Стоя перед ним, маленький, красивый и безответный — шевельнул потрескавшимися губами Тэван, согласен, мол, но видно было, что сердцем — против. Кто поймёт любовь и вражду стервы Шушан — хлопнула по коленям:
— А Надю-то не берёте? Бедный ребёнок, сколько лет в этой закрытой крепости, в этой тюрьме лица человеческого не видела. Моей невестке деньги на дорогу даю я, — объявила, — повезёте и обратно с собой привезёте.
Впервые глянул матери в лицо, сказал (Старший Рыжий):
— Уж какова свекровь, такова и невестка.
Мать давай оправдываться:
— Да что я тогда понимала, двадцать лет мне было, отца твоего на войне убило.
Но Старший Рыжий на дело, по всей вероятности, глубже смотрел и речь свою перед конторскими дверьми как следует закалить успел, сказал:
— Тебе что говорят, усваивай: ежели ты свекровь, тебе и невестка под стать.
Мужа послушалась (Надя), ушла в дом, но изнутри, видно, клокотала, выскочила, лицо красное, выпалила:
— Ты по-русски не знаешь, как дорогу спрашивать будешь?
Ответил:
— Уж как-нибудь. А вообще-то рубль дашь — любую бумагу переведут, за три рубля мягкую постель постелют, так что не проблема.
Сказала:
— Брат твой в августе десять рублей получил — ты чьи это деньги, как хан, тратишь?
Ответил:
— Был бы умным — тысячу бы получил, кто его за руку держал.
Сказала:
— Как раз умный, потому и… — Она не смогла продолжить мысль на нашем наречии, перешла на русский и обрушилась на наши тутошние нравы. Подсолнухи их края, большая речка, смех, всё время смех, песня девушек, сидящих над рекою у обрыва, тёплая луна их края… и бабушка ни разу не скажет «где была» или «ложись спать вовремя», она заплакала: — Хлеб общим был, и радость была, — сказала, — а вы радости враги.
Старший Рыжий сдал позиции.
— Пожалуйста, — сказал, — найди кого-нибудь, кто за тебя твои дела сделает да за ребятишками последит, и ступай, в данную минуту мы все тут свободные граждане.
Словно и не плакала, словно просто умылась, глаза вытерла, улыбнулась, сказала:
— Трактор всё равно сломан, мой муж подоит маминых коров, мама подметёт школу, мои Зина с Зоей последят за Акопиком, пока бабка из школы придёт.

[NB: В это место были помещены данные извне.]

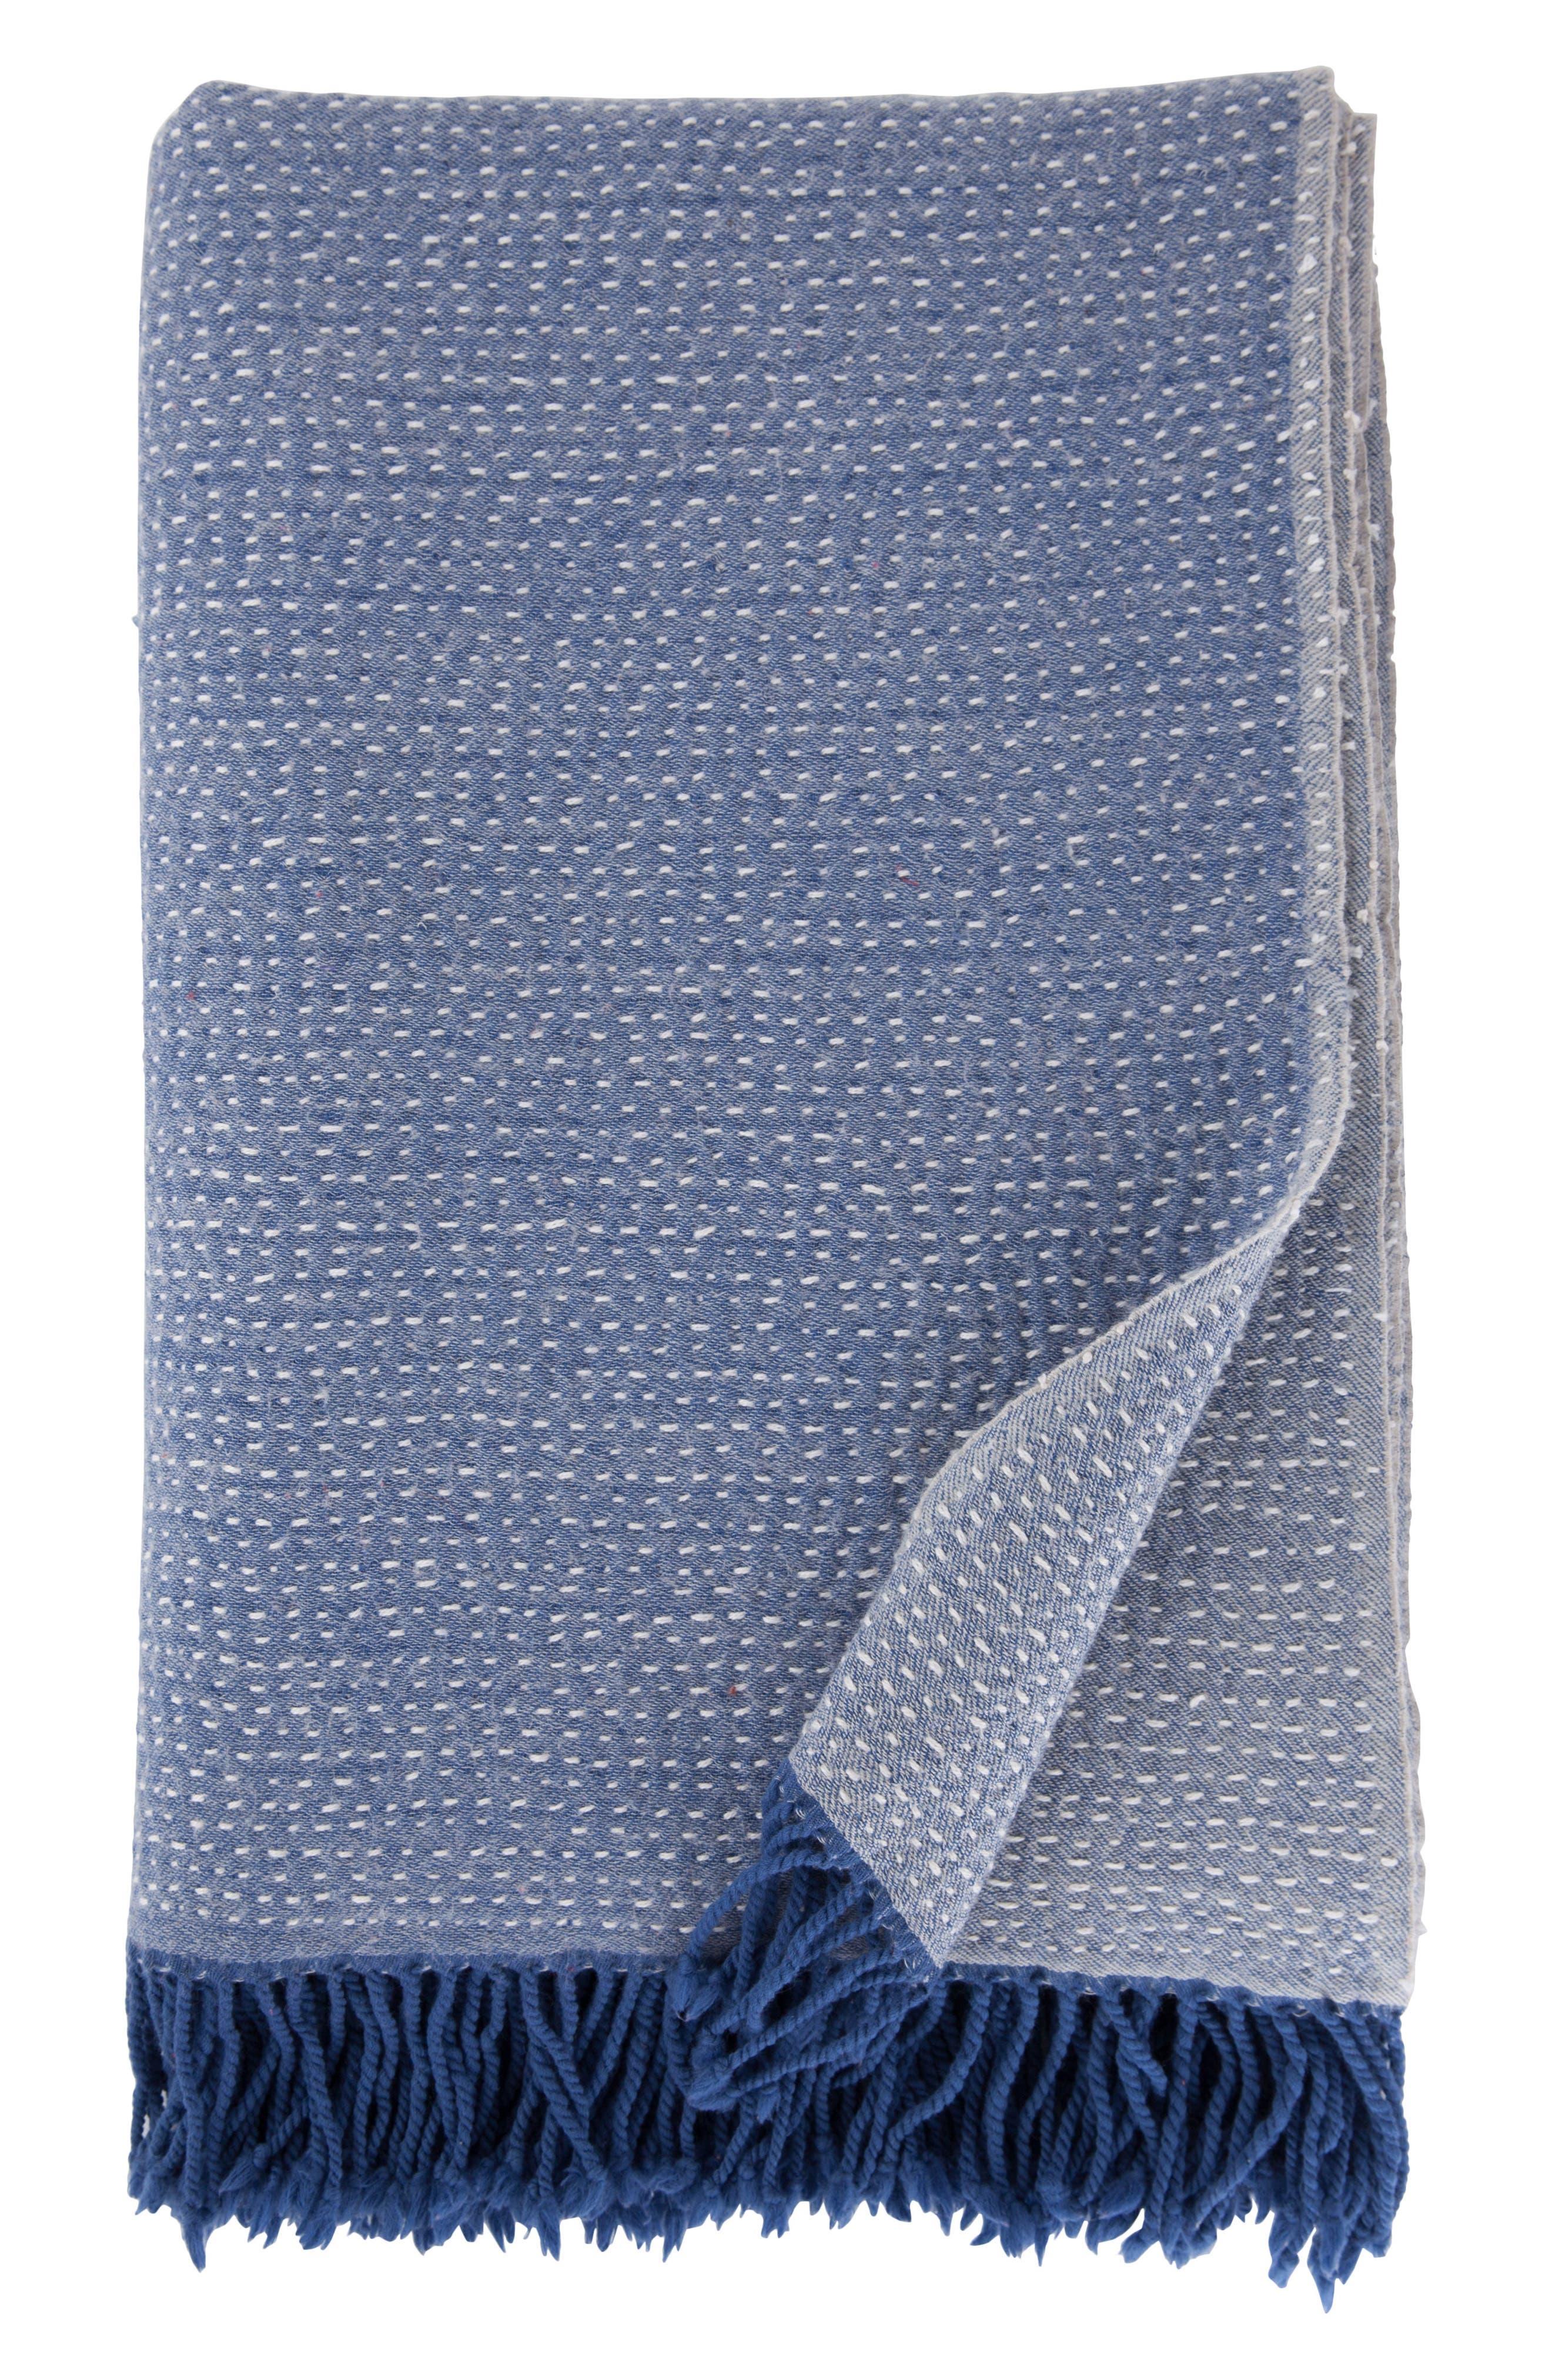 Hand Embroidered Merino Wool Blanket,                             Main thumbnail 1, color,                             CHAMBRAY

«Бабка» и «мама» заплакала и сказала:
— И за Акопом посмотрю, и Зину с Зоей причешу-одену, и классы подмету, и коров подою. Привяжу к спине ребёнка, с собой в школу возьму и на ферму возьму, раз случай выдался — иди.
Словом, все были здесь, но сердцем никто здесь не был, все рвались отсюда прочь.

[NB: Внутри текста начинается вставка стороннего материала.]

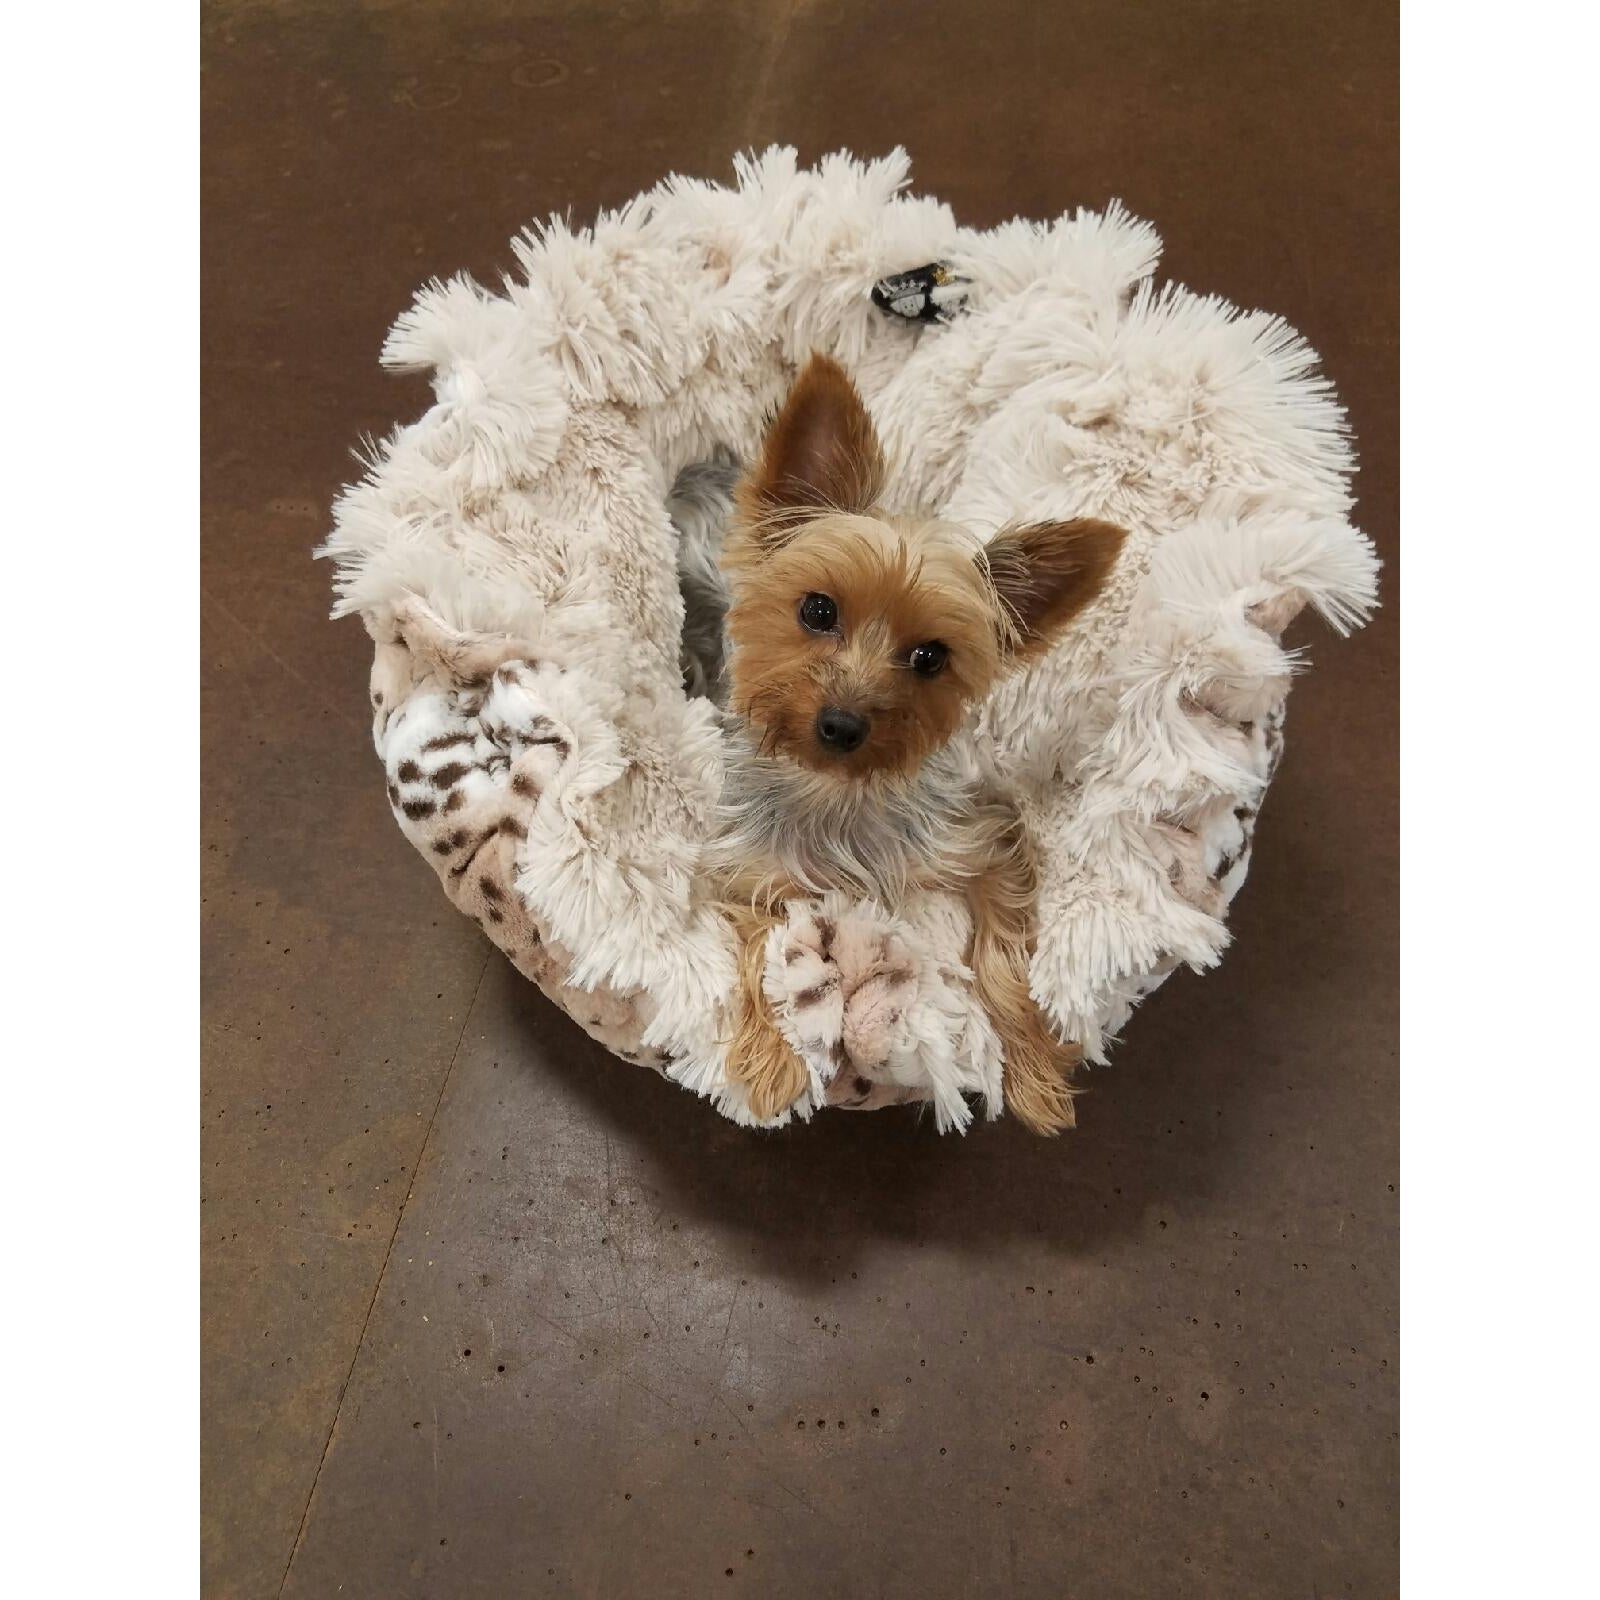 Blondie, Aspen Snow Leopard Pet Bed-in-a-Blanket (Snow Le...

Перед невесткой стала оправдываться, сказала просительно:
— Только не говори, не говори, доченька, что мы против радости, или думаешь, бедовая Шушан своих трёх красавцев, ругаясь да пререкаясь, растила? Нет, с песней, напевая, а как же, мой муж погиб, но траур в чужом доме был, не в моём. Пастух этот свидетель — чистый овечий сыр одна только семья Коротышки Арташа в селе ела, да гости из города и ещё мои сироты. Хотите, — сказала, — свистну, старый спектакль сейчас увидите?
Звонко крикнула: «Агу-у-ун», спустилась с тахты, руками в несуществующие бёдра упёрлась и позвала: «Агу-у-ун, ты что это, мужа в дом затолкала и молчишь, не слышишь, что ли?» — лицо раскраснелось, расхорошелась вся, глаза наполнились прежней любовью и стервозностью, и Старший Рыжий, сам известный петух, услышал в её голосе тайное приглашение и фальшивое недовольство одинокой безмужней женщины, он улыбнулся, подумал про себя: «Влеплю ей, точно», и некоторые покойники-мужчины на кладбище и даже старый дед Симон у себя дома услышали этот особый клич — живыми-здоровыми в село вернулись всего пять-шесть ребят (на горстку ребят целый колхоз вдов), — мучаясь над куском мяса, дед Симон проворчал под нос: «Чтоб тебя, старости не знаешь…» — «В этом твоём благополучном доме и моя доля есть, и моя, говорю — крикнула, — Арменаку твоему грудь ведь давала, слышишь, грудью твоего сына кормила». — «Это как же, ахчи?» — крикнул в ответ дед Симон. «Чтоб вам пусто было, святыми прикидываетесь, — ответила, — неблагодарные, или скажешь, Арменака твоего не кормила грудью?» — «Что же у него, матери своей не было, что с матерью-то его случилось?» — «А то и случилось, — ответила, — что из страха перед твоей богобоязненной матушкой молоко у неё перегорело на моих глазах». И для всех в эту минуту, кроме русской невестки, она была той прежней, словно и не менялось ничего, но вообще-то, конечно, постарела — постарела, потускнела, погасла.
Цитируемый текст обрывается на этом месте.